Heaton, a professor at Penn’s Quattrone Center for the Fair Administration of Justice, began his research by reviewing about 1 million dockets from adult criminal courts in Pennsylvania between 2016 to 2022. About half of those cases were assigned to public defenders, he said.
He then sought to determine how much time — and, ultimately, how many attorneys — it would take to adequately represent clients in those 500,000 cases. His analysis relied on estimates included in a national study released last year that sought to quantify how long it should take attorneys to complete various types of cases. A first-time DUI, for example, was estimated to require 19 hours of attorney time, while a murder case with a potential life sentence was estimated to require 286 hours of work.
Heaton calculated an ideal staffing level for each county based on its caseloads and case types from the dockets, then compared those figures to the real number of attorneys in each office.
“Only two counties appear clearly within acceptable workload levels,” he wrote, while five others “appear within the range of normal workloads.” Philadelphia and Chester County were among those that met the acceptable standards.
By contrast, more than 50 counties had expected workloads that exceeded 3,000 hours per lawyer per year — “a level far beyond the billable hours expected at even the most demanding law firms,” Heaton wrote.
Even after adjusting some underlying assumptions, he wrote, “we can have a high degree of confidence that current public defender staffing levels are constitutionally inadequate” in three-quarters of the state’s public defender offices.

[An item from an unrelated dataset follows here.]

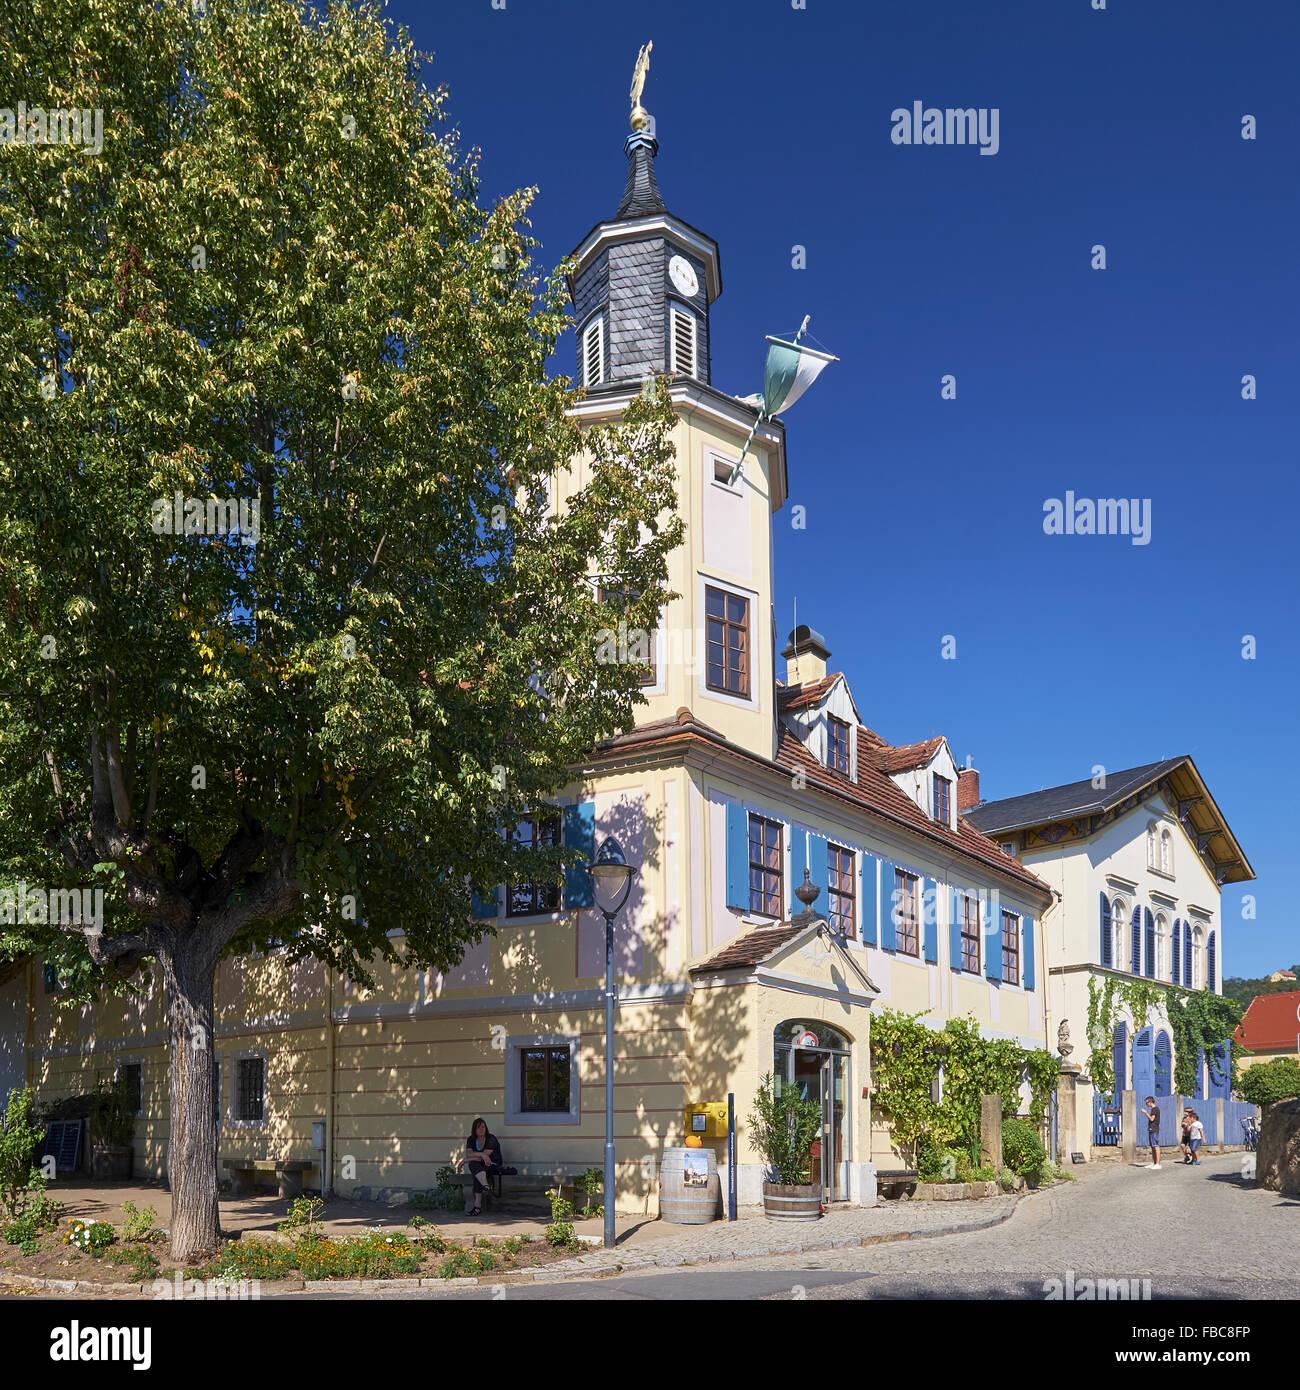 Meinhold tower house, Radebeul, Germany - Stock Image

The report had some limitations, which it acknowledges. When calculating its ideal staffing levels, for example, it did not include juvenile cases, and couldn’t fully account for lawyers who spent significant portions of their time working as supervisors or on other matters outside the daily churn of criminal court. Hudson, of Philadelphia, said her office handles around 4,000 juvenile cases, 13,000 probation matters, and has 10 attorneys dedicated solely to litigating appeals.
The report also does not dive deeply into potential solutions, though it mentions increasing resources and funding for indigent defense. Still, Heaton said his findings were weightier than simply identifying where attorneys are most overworked.
Failing to provide adequate representation is an abdication of a core Constitutional principle, he noted. And, perhaps more concretely, lawyers who are spread too thin can make mistakes that compromise the quality of their work and impact their clients’ cases — sometimes leading to wrongful convictions.
The system relies on two parties advocating effectively against one another to reach a just resolution, Heaton said, and “If one side is so underequipped that it can’t do its job, I think that raises real questions about whether the truth-finding can operate as intended.”